# Exercise directions
Starting with the first line, output the data exactly, through to the last line.

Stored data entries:
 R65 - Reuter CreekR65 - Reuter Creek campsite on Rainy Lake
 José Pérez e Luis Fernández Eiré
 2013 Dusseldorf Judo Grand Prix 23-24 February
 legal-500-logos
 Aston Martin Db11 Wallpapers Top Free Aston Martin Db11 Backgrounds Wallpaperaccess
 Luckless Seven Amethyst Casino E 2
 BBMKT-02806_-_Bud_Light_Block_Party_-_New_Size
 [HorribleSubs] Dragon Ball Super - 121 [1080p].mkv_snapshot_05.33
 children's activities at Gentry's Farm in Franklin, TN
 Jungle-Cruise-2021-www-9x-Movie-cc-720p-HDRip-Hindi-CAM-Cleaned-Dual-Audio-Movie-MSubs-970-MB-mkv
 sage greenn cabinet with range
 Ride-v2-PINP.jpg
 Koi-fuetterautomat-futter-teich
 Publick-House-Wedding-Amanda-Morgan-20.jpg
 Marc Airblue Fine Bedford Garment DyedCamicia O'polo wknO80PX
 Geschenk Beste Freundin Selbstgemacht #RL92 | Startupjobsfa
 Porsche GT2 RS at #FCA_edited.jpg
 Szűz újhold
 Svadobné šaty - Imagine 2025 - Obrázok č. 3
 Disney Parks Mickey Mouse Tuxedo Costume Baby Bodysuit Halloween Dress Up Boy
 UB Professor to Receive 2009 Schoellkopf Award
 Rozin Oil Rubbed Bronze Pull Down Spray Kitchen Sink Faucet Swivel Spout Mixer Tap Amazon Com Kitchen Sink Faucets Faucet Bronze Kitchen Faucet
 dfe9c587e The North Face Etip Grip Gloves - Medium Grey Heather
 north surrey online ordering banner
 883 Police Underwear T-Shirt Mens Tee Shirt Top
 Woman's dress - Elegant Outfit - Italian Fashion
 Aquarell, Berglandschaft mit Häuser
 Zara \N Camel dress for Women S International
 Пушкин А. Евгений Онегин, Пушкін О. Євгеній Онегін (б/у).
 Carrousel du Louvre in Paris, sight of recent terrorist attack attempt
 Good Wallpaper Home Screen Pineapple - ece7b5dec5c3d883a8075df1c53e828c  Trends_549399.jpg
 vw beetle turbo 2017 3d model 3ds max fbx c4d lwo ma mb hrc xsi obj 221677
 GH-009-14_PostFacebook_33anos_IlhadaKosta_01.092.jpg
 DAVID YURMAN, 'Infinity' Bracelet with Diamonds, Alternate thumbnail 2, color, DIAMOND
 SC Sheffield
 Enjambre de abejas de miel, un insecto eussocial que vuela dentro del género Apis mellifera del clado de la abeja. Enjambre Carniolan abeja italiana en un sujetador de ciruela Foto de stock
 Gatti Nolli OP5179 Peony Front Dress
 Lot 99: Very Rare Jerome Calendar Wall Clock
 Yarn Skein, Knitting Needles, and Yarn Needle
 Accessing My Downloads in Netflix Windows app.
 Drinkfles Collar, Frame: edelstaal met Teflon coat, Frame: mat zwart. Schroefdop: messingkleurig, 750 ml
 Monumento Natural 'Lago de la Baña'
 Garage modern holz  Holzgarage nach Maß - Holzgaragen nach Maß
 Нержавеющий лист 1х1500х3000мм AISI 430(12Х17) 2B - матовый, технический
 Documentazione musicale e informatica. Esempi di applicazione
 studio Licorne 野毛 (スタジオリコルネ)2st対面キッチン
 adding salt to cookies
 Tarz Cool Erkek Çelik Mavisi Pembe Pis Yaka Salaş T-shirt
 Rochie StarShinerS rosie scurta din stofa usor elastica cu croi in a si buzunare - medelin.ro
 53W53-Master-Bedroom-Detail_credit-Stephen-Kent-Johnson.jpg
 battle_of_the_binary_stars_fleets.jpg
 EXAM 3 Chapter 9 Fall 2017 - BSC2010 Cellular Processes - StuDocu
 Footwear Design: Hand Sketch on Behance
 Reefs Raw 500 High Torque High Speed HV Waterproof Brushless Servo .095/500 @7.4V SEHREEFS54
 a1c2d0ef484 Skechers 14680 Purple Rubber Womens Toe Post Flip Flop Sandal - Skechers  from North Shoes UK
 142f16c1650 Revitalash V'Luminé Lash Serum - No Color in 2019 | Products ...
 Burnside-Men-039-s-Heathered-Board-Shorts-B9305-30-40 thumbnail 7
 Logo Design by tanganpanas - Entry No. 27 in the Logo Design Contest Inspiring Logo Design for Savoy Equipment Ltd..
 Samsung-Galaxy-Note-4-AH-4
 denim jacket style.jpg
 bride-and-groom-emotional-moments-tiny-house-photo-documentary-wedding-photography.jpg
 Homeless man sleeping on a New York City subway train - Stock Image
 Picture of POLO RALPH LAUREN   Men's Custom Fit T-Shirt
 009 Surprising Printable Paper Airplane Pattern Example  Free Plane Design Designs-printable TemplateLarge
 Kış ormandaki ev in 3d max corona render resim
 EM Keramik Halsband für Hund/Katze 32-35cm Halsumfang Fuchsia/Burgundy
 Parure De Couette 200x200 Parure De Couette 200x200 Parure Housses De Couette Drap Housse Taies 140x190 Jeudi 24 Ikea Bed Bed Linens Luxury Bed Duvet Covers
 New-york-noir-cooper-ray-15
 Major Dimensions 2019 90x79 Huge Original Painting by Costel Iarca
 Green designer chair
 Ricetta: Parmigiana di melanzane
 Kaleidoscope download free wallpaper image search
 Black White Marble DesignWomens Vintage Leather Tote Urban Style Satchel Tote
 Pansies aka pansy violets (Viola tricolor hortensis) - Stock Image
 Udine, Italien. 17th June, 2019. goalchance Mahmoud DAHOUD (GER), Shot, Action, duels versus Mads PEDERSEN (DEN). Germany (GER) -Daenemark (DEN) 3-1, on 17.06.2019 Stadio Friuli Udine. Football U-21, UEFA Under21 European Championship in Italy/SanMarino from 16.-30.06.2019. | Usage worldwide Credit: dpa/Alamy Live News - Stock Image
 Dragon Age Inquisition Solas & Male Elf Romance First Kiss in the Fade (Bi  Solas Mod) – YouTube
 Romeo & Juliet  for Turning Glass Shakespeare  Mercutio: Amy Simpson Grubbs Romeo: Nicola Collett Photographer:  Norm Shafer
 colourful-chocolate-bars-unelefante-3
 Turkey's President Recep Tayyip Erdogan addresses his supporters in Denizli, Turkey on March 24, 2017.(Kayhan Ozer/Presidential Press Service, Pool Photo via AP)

# Written reply
 R65 - Reuter CreekR65 - Reuter Creek campsite on Rainy Lake
 José Pérez e Luis Fernández Eiré
 2013 Dusseldorf Judo Grand Prix 23-24 February
 legal-500-logos
 Aston Martin Db11 Wallpapers Top Free Aston Martin Db11 Backgrounds Wallpaperaccess
 Luckless Seven Amethyst Casino E 2
 BBMKT-02806_-_Bud_Light_Block_Party_-_New_Size
 [HorribleSubs] Dragon Ball Super - 121 [1080p].mkv_snapshot_05.33
 children's activities at Gentry's Farm in Franklin, TN
 Jungle-Cruise-2021-www-9x-Movie-cc-720p-HDRip-Hindi-CAM-Cleaned-Dual-Audio-Movie-MSubs-970-MB-mkv
 sage greenn cabinet with range
 Ride-v2-PINP.jpg
 Koi-fuetterautomat-futter-teich
 Publick-House-Wedding-Amanda-Morgan-20.jpg
 Marc Airblue Fine Bedford Garment DyedCamicia O'polo wknO80PX
 Geschenk Beste Freundin Selbstgemacht #RL92 | Startupjobsfa
 Porsche GT2 RS at #FCA_edited.jpg
 Szűz újhold
 Svadobné šaty - Imagine 2025 - Obrázok č. 3
 Disney Parks Mickey Mouse Tuxedo Costume Baby Bodysuit Halloween Dress Up Boy
 UB Professor to Receive 2009 Schoellkopf Award
 Rozin Oil Rubbed Bronze Pull Down Spray Kitchen Sink Faucet Swivel Spout Mixer Tap Amazon Com Kitchen Sink Faucets Faucet Bronze Kitchen Faucet
 dfe9c587e The North Face Etip Grip Gloves - Medium Grey Heather
 north surrey online ordering banner
 883 Police Underwear T-Shirt Mens Tee Shirt Top
 Woman's dress - Elegant Outfit - Italian Fashion
 Aquarell, Berglandschaft mit Häuser
 Zara \N Camel dress for Women S International
 Пушкин А. Евгений Онегин, Пушкін О. Євгеній Онегін (б/у).
 Carrousel du Louvre in Paris, sight of recent terrorist attack attempt
 Good Wallpaper Home Screen Pineapple - ece7b5dec5c3d883a8075df1c53e828c  Trends_549399.jpg
 vw beetle turbo 2017 3d model 3ds max fbx c4d lwo ma mb hrc xsi obj 221677
 GH-009-14_PostFacebook_33anos_IlhadaKosta_01.092.jpg
 DAVID YURMAN, 'Infinity' Bracelet with Diamonds, Alternate thumbnail 2, color, DIAMOND
 SC Sheffield
 Enjambre de abejas de miel, un insecto eussocial que vuela dentro del género Apis mellifera del clado de la abeja. Enjambre Carniolan abeja italiana en un sujetador de ciruela Foto de stock
 Gatti Nolli OP5179 Peony Front Dress
 Lot 99: Very Rare Jerome Calendar Wall Clock
 Yarn Skein, Knitting Needles, and Yarn Needle
 Accessing My Downloads in Netflix Windows app.
 Drinkfles Collar, Frame: edelstaal met Teflon coat, Frame: mat zwart. Schroefdop: messingkleurig, 750 ml
 Monumento Natural 'Lago de la Baña'
 Garage modern holz  Holzgarage nach Maß - Holzgaragen nach Maß
 Нержавеющий лист 1х1500х3000мм AISI 430(12Х17) 2B - матовый, технический
 Documentazione musicale e informatica. Esempi di applicazione
 studio Licorne 野毛 (スタジオリコルネ)2st対面キッチン
 adding salt to cookies
 Tarz Cool Erkek Çelik Mavisi Pembe Pis Yaka Salaş T-shirt
 Rochie StarShinerS rosie scurta din stofa usor elastica cu croi in a si buzunare - medelin.ro
 53W53-Master-Bedroom-Detail_credit-Stephen-Kent-Johnson.jpg
 battle_of_the_binary_stars_fleets.jpg
 EXAM 3 Chapter 9 Fall 2017 - BSC2010 Cellular Processes - StuDocu
 Footwear Design: Hand Sketch on Behance
 Reefs Raw 500 High Torque High Speed HV Waterproof Brushless Servo .095/500 @7.4V SEHREEFS54
 a1c2d0ef484 Skechers 14680 Purple Rubber Womens Toe Post Flip Flop Sandal - Skechers  from North Shoes UK
 142f16c1650 Revitalash V'Luminé Lash Serum - No Color in 2019 | Products ...
 Burnside-Men-039-s-Heathered-Board-Shorts-B9305-30-40 thumbnail 7
 Logo Design by tanganpanas - Entry No. 27 in the Logo Design Contest Inspiring Logo Design for Savoy Equipment Ltd..
 Samsung-Galaxy-Note-4-AH-4
 denim jacket style.jpg
 bride-and-groom-emotional-moments-tiny-house-photo-documentary-wedding-photography.jpg
 Homeless man sleeping on a New York City subway train - Stock Image
 Picture of POLO RALPH LAUREN   Men's Custom Fit T-Shirt
 009 Surprising Printable Paper Airplane Pattern Example  Free Plane Design Designs-printable TemplateLarge
 Kış ormandaki ev in 3d max corona render resim
 EM Keramik Halsband für Hund/Katze 32-35cm Halsumfang Fuchsia/Burgundy
 Parure De Couette 200x200 Parure De Couette 200x200 Parure Housses De Couette Drap Housse Taies 140x190 Jeudi 24 Ikea Bed Bed Linens Luxury Bed Duvet Covers
 New-york-noir-cooper-ray-15
 Major Dimensions 2019 90x79 Huge Original Painting by Costel Iarca
 Green designer chair
 Ricetta: Parmigiana di melanzane
 Kaleidoscope download free wallpaper image search
 Black White Marble DesignWomens Vintage Leather Tote Urban Style Satchel Tote
 Pansies aka pansy violets (Viola tricolor hortensis) - Stock Image
 Udine, Italien. 17th June, 2019. goalchance Mahmoud DAHOUD (GER), Shot, Action, duels versus Mads PEDERSEN (DEN). Germany (GER) -Daenemark (DEN) 3-1, on 17.06.2019 Stadio Friuli Udine. Football U-21, UEFA Under21 European Championship in Italy/SanMarino from 16.-30.06.2019. | Usage worldwide Credit: dpa/Alamy Live News - Stock Image
 Dragon Age Inquisition Solas & Male Elf Romance First Kiss in the Fade (Bi  Solas Mod) – YouTube
 Romeo & Juliet  for Turning Glass Shakespeare  Mercutio: Amy Simpson Grubbs Romeo: Nicola Collett Photographer:  Norm Shafer
 colourful-chocolate-bars-unelefante-3
 Turkey's President Recep Tayyip Erdogan addresses his supporters in Denizli, Turkey on March 24, 2017.(Kayhan Ozer/Presidential Press Service, Pool Photo via AP)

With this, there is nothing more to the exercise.